Present levels of performance precede each annual goal and should identify specifically how your student is currently doing in skill areas like reading, writing, behavior, whatever it might be. This section is also referred to as the “Current Performance Level.”
[This] is where data is very important. I always write this from a strength perspective but supported by data. What is your student currently able to do? Very often, they’re able to do something, but they’re able to do it within certain conditions.
I would never say a student can’t read. That would be a deficit model. I might write, “The student is able to identify individual letters yet is able to form words with the assistance of” … or something like that, quantified with data.
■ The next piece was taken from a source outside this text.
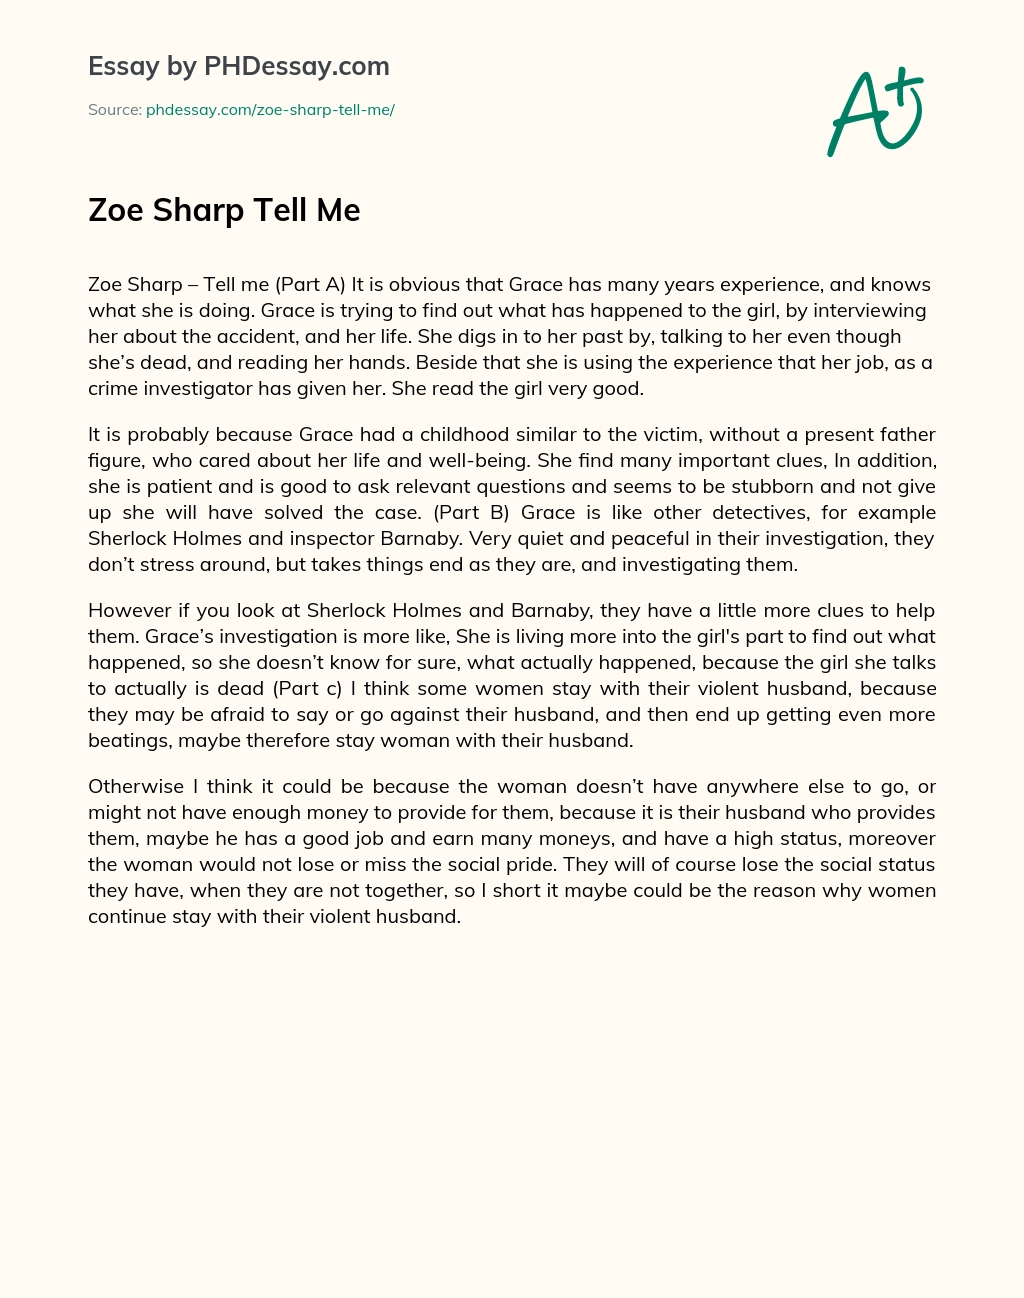 Zoe Sharp Tell Me essay

It’s important for parents to be aware that the Current Performance Level is a data-based narrative that identifies the baseline where your student currently resides.
It’s also important for parents to realize, and special educators as well, that the Current Performance Level is replaced by the progress report (sent home with your child’s report card). So it’s really important to look at the most recent progress report. Parents or special educators might go back and look to the Current Performance Level that started the IEP year. My suggestion is that it’s already over and done. Go to the most recent progress report, because the most recent progress report says, “Well, your student was there, but now they’re here.”
The progress reports become more important than the Current Performance Level as the IEP year goes on.
How does this relate to transition? It all relates! No matter what age your student is, a transition-focused IEP is an IEP that is written in a manner that enables the team to track “meaningful progress”. It is an IEP built on your students strengths, needs, preferences and interests.
Learn more about creating IEP present levels for kids with CVI. [CVI Now]
My perspective has always been that we’re collaborators. We’re working together. And I know that sometimes it feels like us versus them. It is never meant to be that way.
Parents bring a lot of good information to the table. They’re experts in what they do. They’re experts at being parents. I’m an expert in being a parent as well. But I’m also an expert at being a special educator and an IEP developer. We can share our areas of expertise and bring that to the table for the good of your student. Merely because I have a different point of view about what is appropriate, it doesn’t mean either one of us is wrong. It means we have to reach a point of collaboration and agreement.
Transition assessments from multiple perspectives should inform your IEP planning.